**Description of the task**
Among the entries below, only the lines from the one with "Seltenes Sesselpaar, entworfen" through the one with "Пример написания русского" are wanted, reproduced exactly. Pictures are not wanted.

**Exercise data**
#####
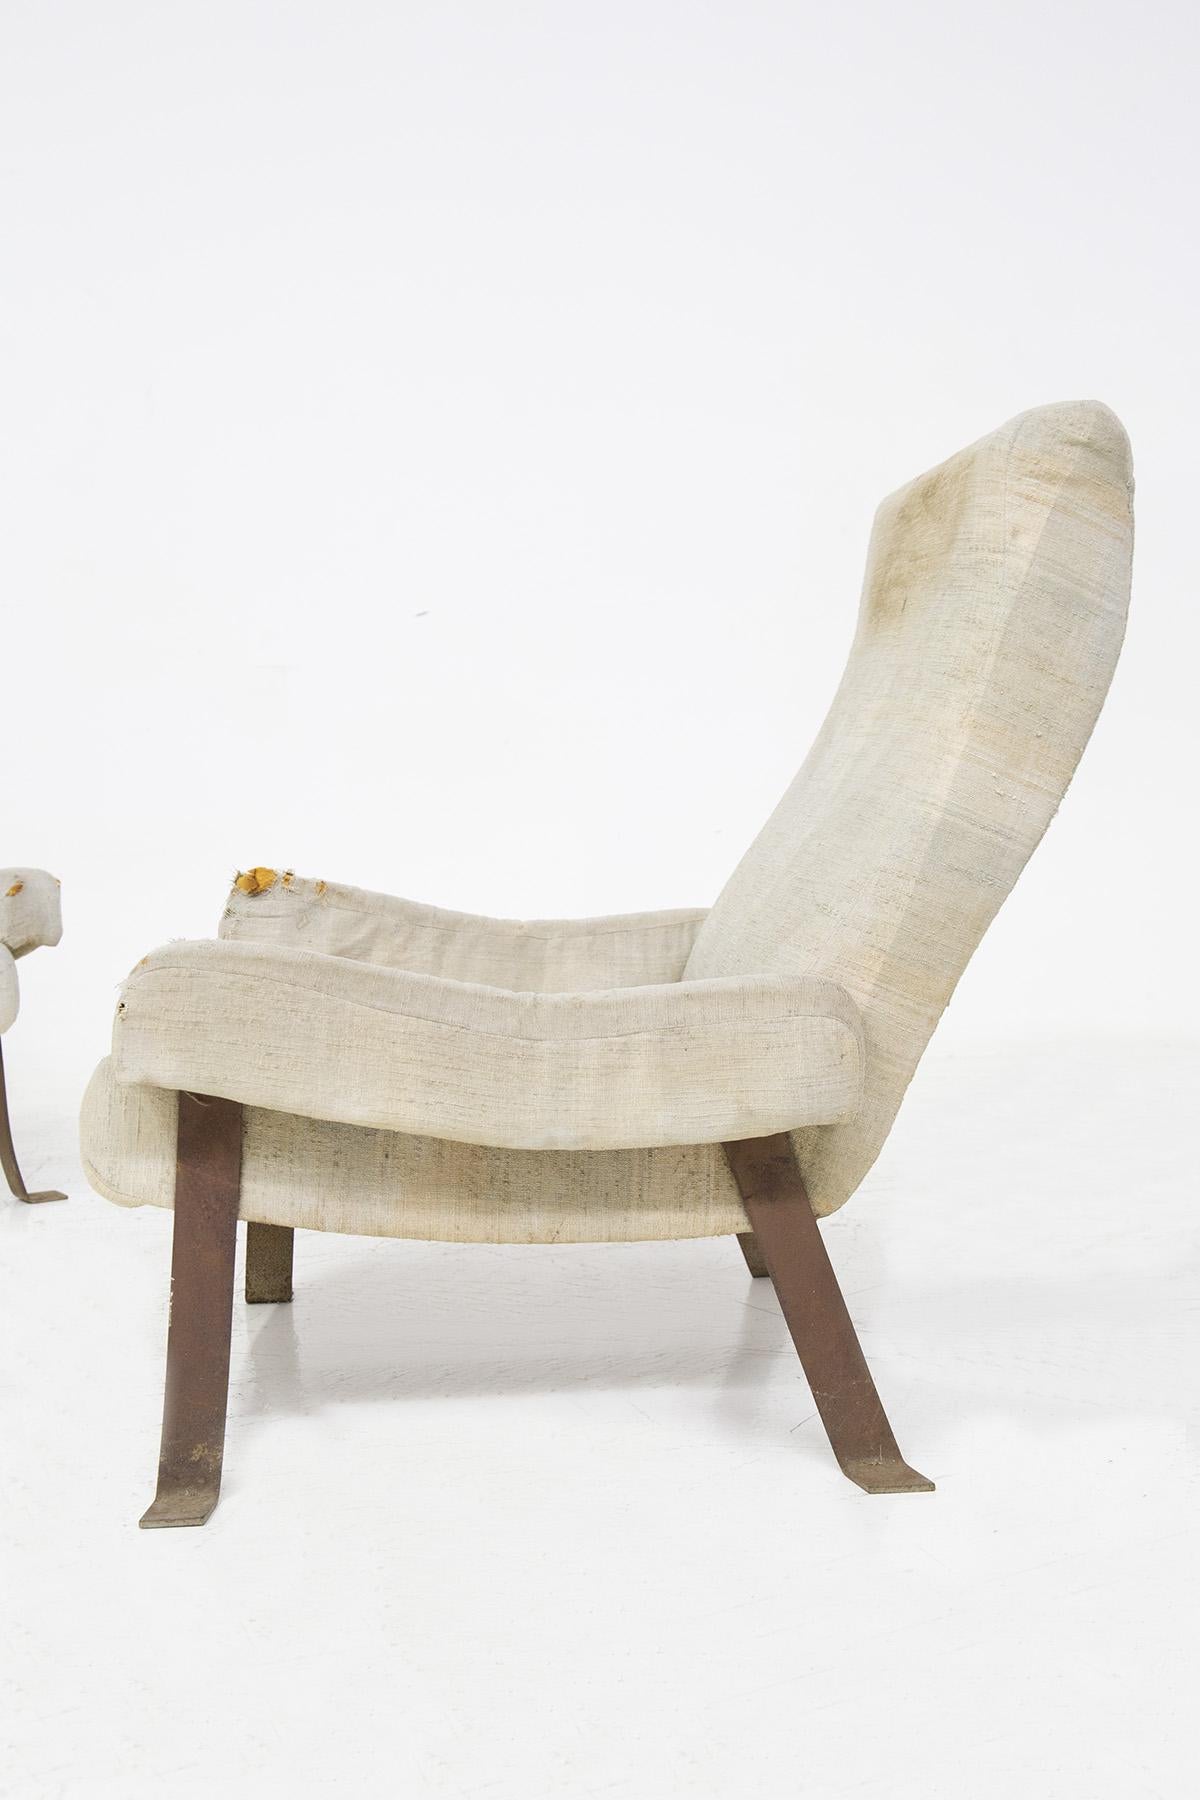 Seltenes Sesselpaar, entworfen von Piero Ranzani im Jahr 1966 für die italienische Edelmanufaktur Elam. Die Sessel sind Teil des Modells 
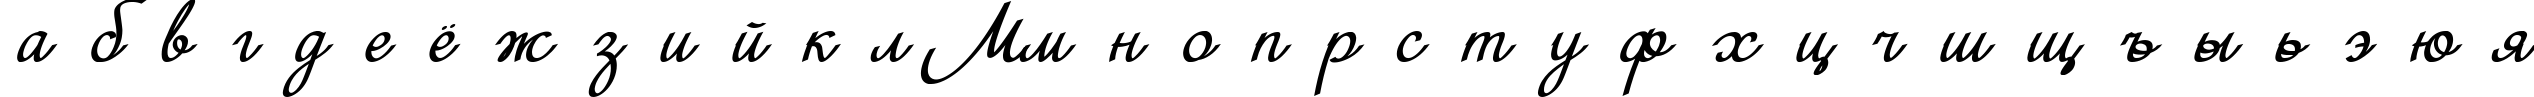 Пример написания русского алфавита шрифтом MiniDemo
#####
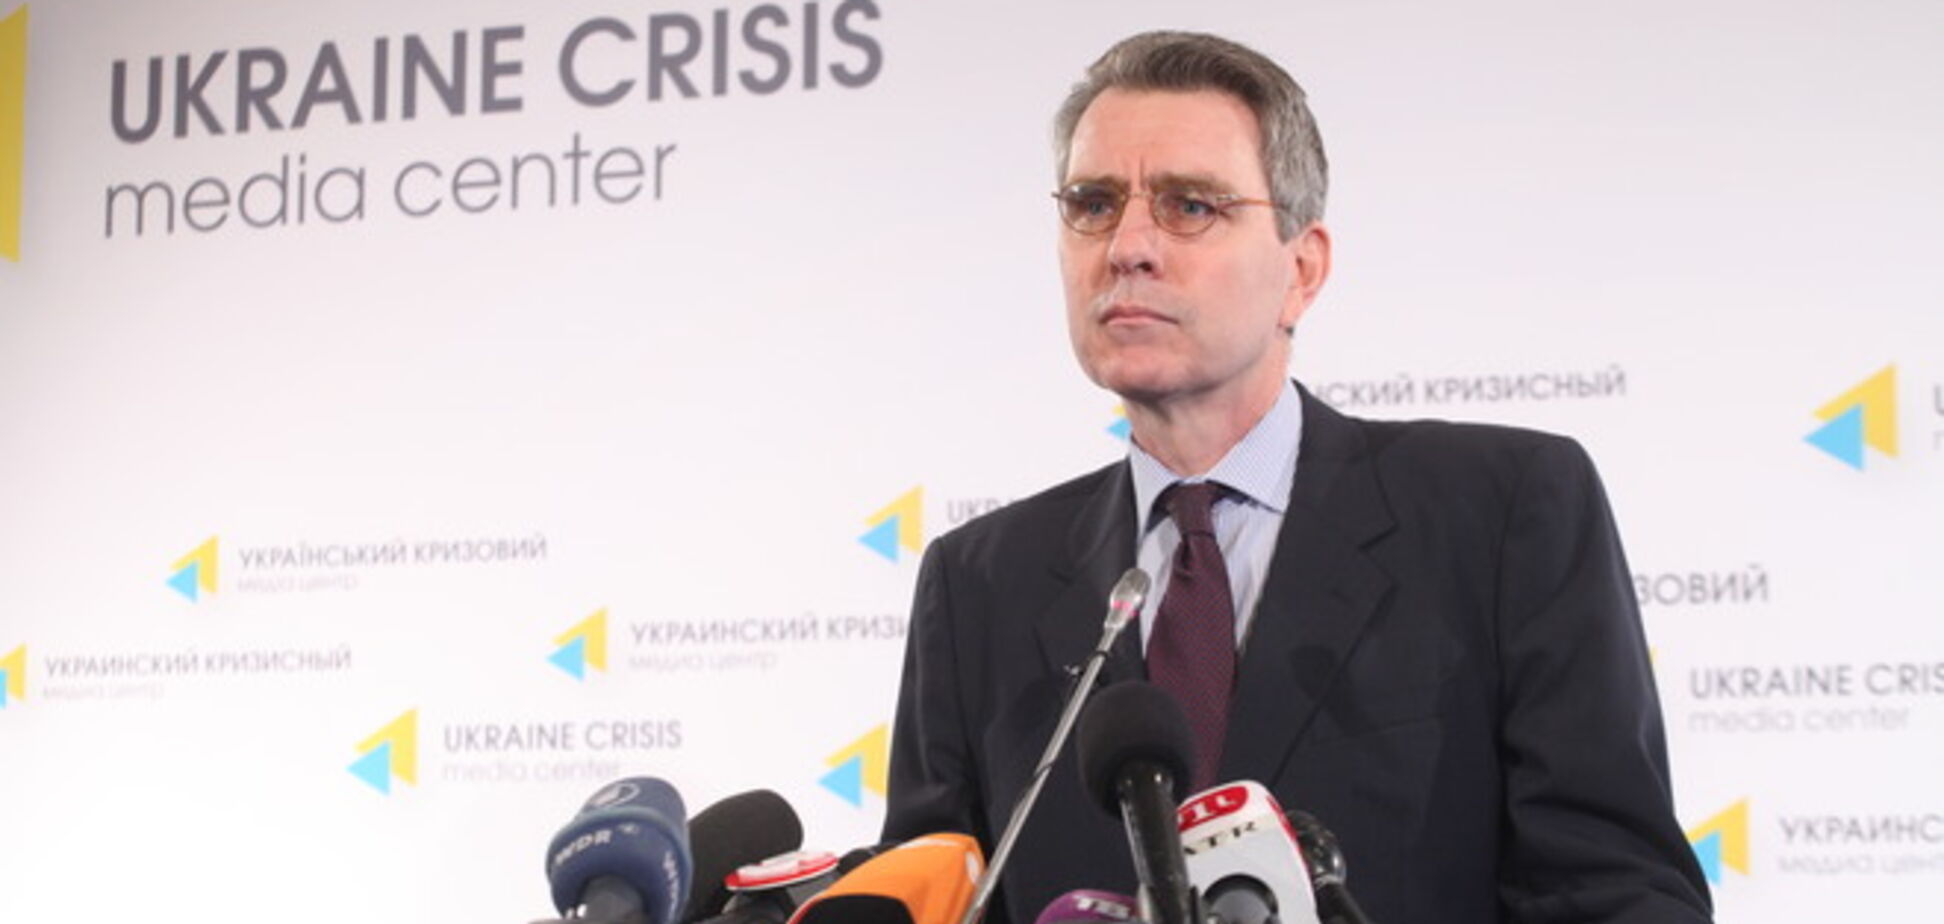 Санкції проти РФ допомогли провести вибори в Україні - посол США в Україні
#####
**Completed exercise**
 Seltenes Sesselpaar, entworfen von Piero Ranzani im Jahr 1966 für die italienische Edelmanufaktur Elam. Die Sessel sind Teil des Modells 
 Пример написания русского алфавита шрифтом MiniDemo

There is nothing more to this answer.